We believe existing cash and cash equivalents and proceeds from the potential
sales of all or a portion of our interests in certain marketable securities and
partner companies to be sufficient to fund our cash requirements for the
foreseeable future, including any future commitments to partner companies, debt
obligations and general operating requirements. On February 3, 2009, we entered
into certain arrangements under which we guaranteed approximately $3.6 million
of debt for StarCite. Under these arrangements, we placed approximately
$3.6 million in a bank account to be used to repay the StarCite debt when it
matured or otherwise became due and payable. This amount was classified as
restricted cash as of March 31, 2009. In May 2009, the underlying debt was
repaid in full with funds being held in the bank account. As a result, we are
entitled to receive additional preferred ownership interests in StarCite. As of
the date of this filing, we were not obligated for any other material funding
and guarantee commitments to existing partner companies. We will continue to
evaluate acquisition opportunities and may acquire additional ownership
interests in new and existing partner companies in the next twelve months;
however, such acquisitions will generally be made at our discretion.

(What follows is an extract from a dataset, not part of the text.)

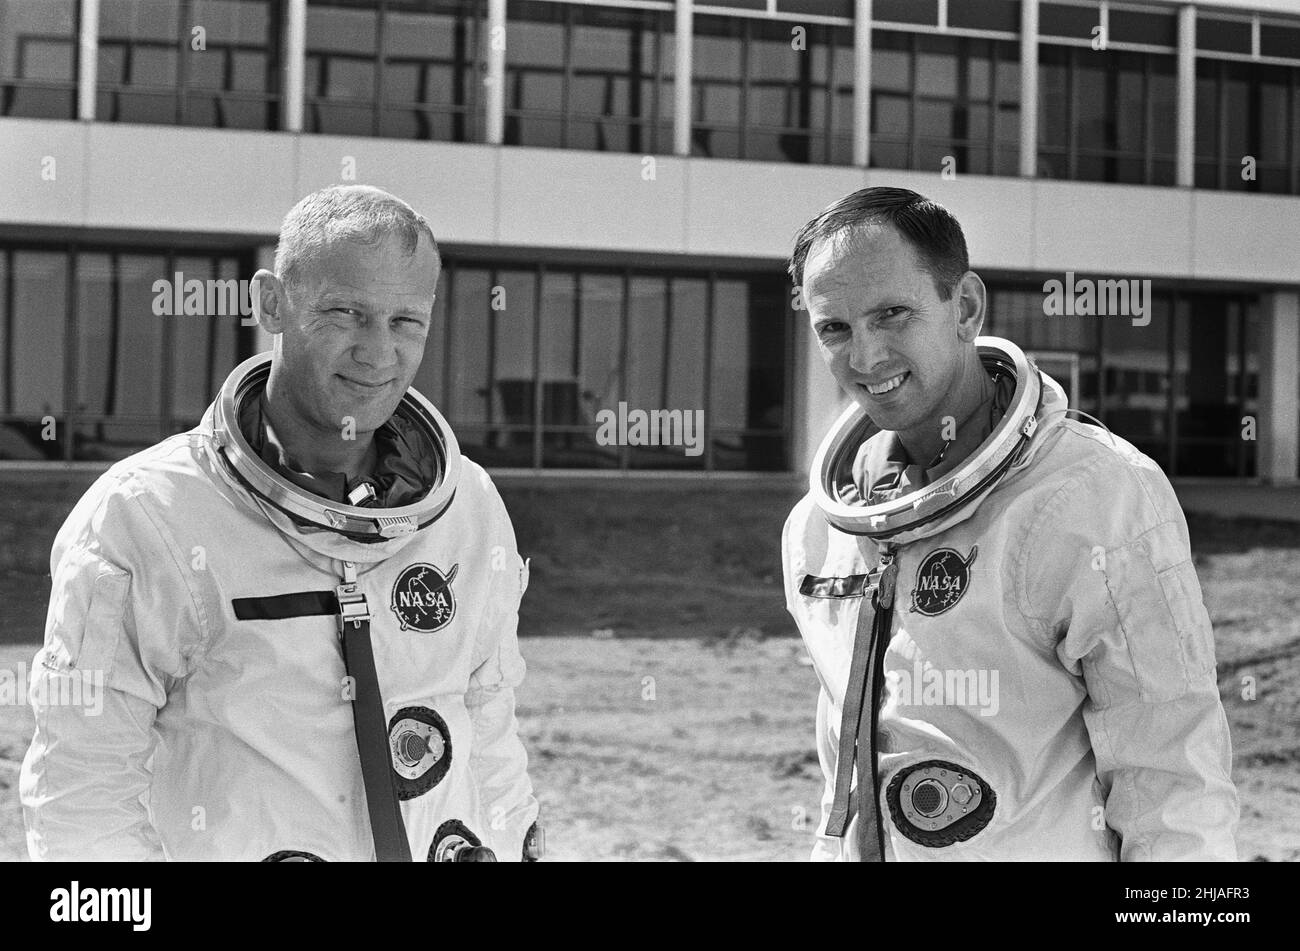 Die Astronauten Edwin Eugene Buzz Aldrin (links) und Theodore Cordy Ted Freeman (rechts) sind hier im Johnson Space Center in Houston, Texas, zu sehen. Wo sie für das Gemini-Weltraumprogramm trainiert haben. 30th. Oktober 1964Astronaut Ted Freeman starb leider am Tag nach der Aufnahme dieses Bildes bei einem Flugzeugunglück Stockfoto

ICG Commerce, Investor Force and Vcommerce fund their operations through a
combination of cash flow from operations, borrowings and equity issuances. ICG
Commerce expects that its existing cash balance and cash flow from operations
will be sufficient to fund its operations through 2009, while Investor Force and
Vcommerce are expected to require additional borrowings and/or equity issuances
to fund their respective operations through 2009.
Consolidated working capital decreased by $3.5 million from December 31, 2008 to
March 31, 2009, primarily due to fundings to partner companies and the payment
of bonuses, offset by distributions from the sale of partner companies.